Chevochot and Puaut [5] presented another approach to tolerating faults in distributed hard real-time systems. They developed a replication tool called HYDRA, which allows to integration of active, passive, or hybrid replication into the scheduling algorithm. This approach aims to tolerate both transient and permanent faults of a physical component, using sites composed of processors, memories and clocks. Sensors are exposed to timing and functional errors, while actuators are assumed to be reliable. This is a very promising solution to ensure the reliability of distributed hard real-time systems.

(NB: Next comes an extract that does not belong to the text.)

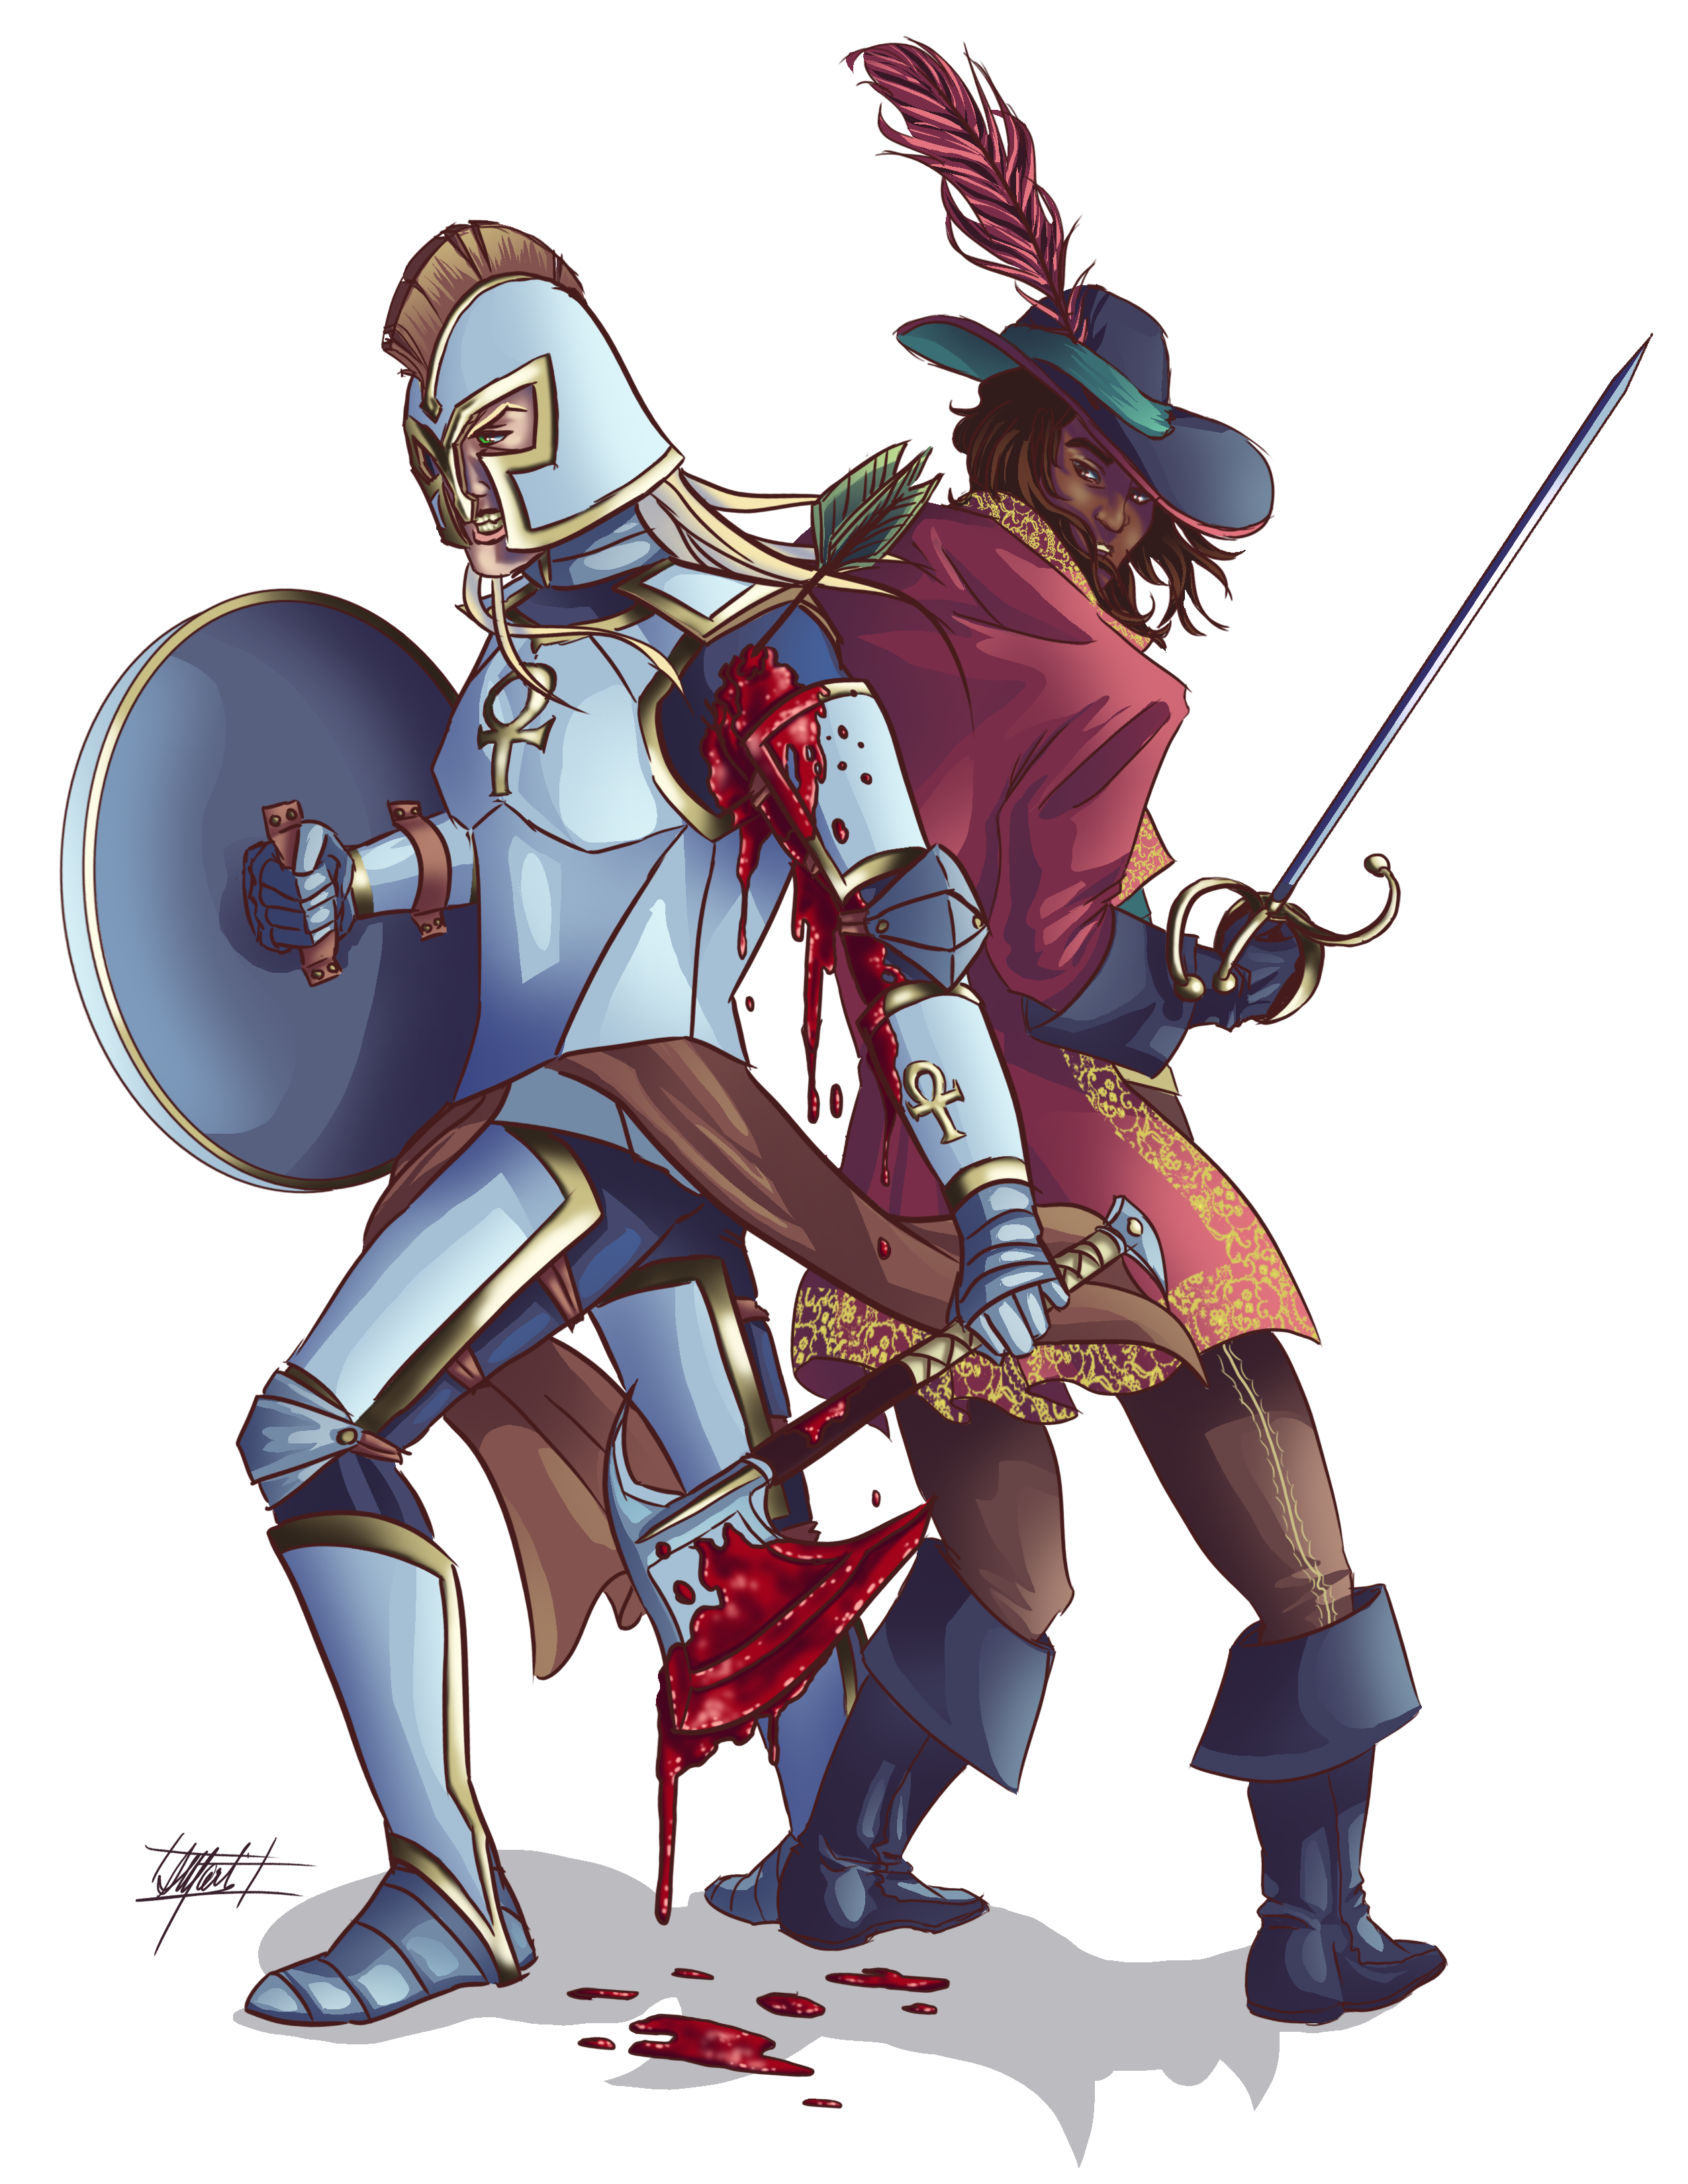 knight clipart nobleman
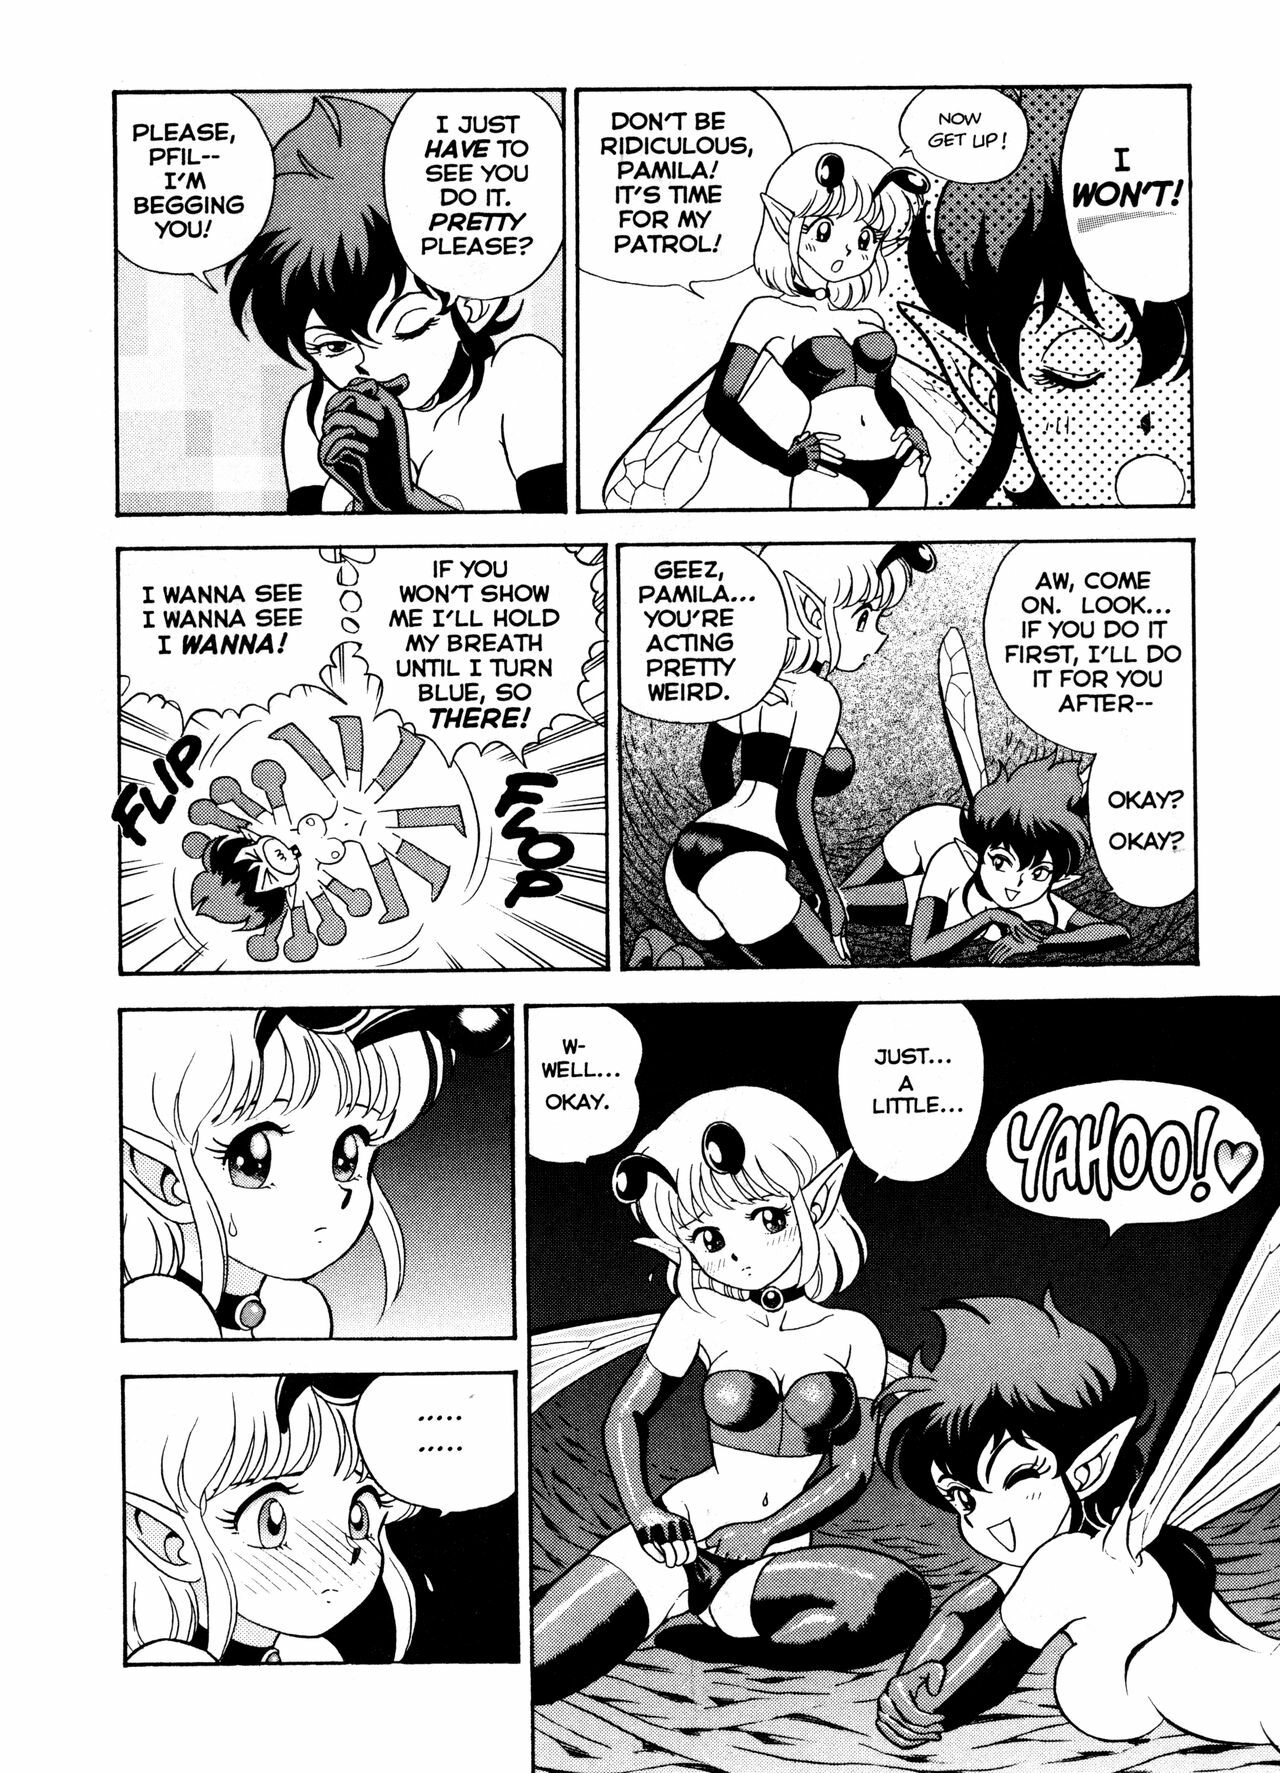 [Kondom] The New Bondage Fairies Issue 15 [ENG][Hi-Res] page 9 full

Despite the existence of several approaches to solve fault tolerance in real-time embedded systems, most of these approaches do not deal with processor faults; and those that deal with this type of fault, use in their context, aperiodic tasks to simplify their approach, unlike real-time embedded systems that generally use periodic tasks. The use of data redundancy or physical resources as a solution to solve the fault problem in these approaches can lead to the non-compliance with time constraints in strict real-time embedded systems. Our approach is based on the proposal of a fault-tolerant and not negatively affecting scheduling algorithm in terms of time and energy constraints, which uses periodic tasks in a strict real-time embedded system based on the use of the watchdog timer for the detection of processor faults.

3. Embedded Systems

Embedded systems play an important role in our daily lives. These systems are ubiquitous in many devices and equipment, ranging from consumer electronics to complex industrial applications. The integration of these systems in specific environments allows dedicated tasks to be accomplished efficiently and often transparently for the end user. Their role is essential in sectors such as automotive, aerospace, healthcare, telecommunications and many others.

According to the language of Molière, the word embedded is derived from the verb "to embark" which means "to put something on board a ship, a plane or a vehicle an embedded system can be defined as: "A stand-alone electronic and computer system, which is dedicated to a very specific task" [6].

An embedded system is a computer system whose calculation means are embedded in the controlled process. Embedd computing means implies, in addition to space constraints (size, weight, shape), energy consumption and heat dissipation constraints. In addition, the power supply for the computing elements is embedded (batteries, fuel, etc.), and/or ambient (solar panels, etc.) [7].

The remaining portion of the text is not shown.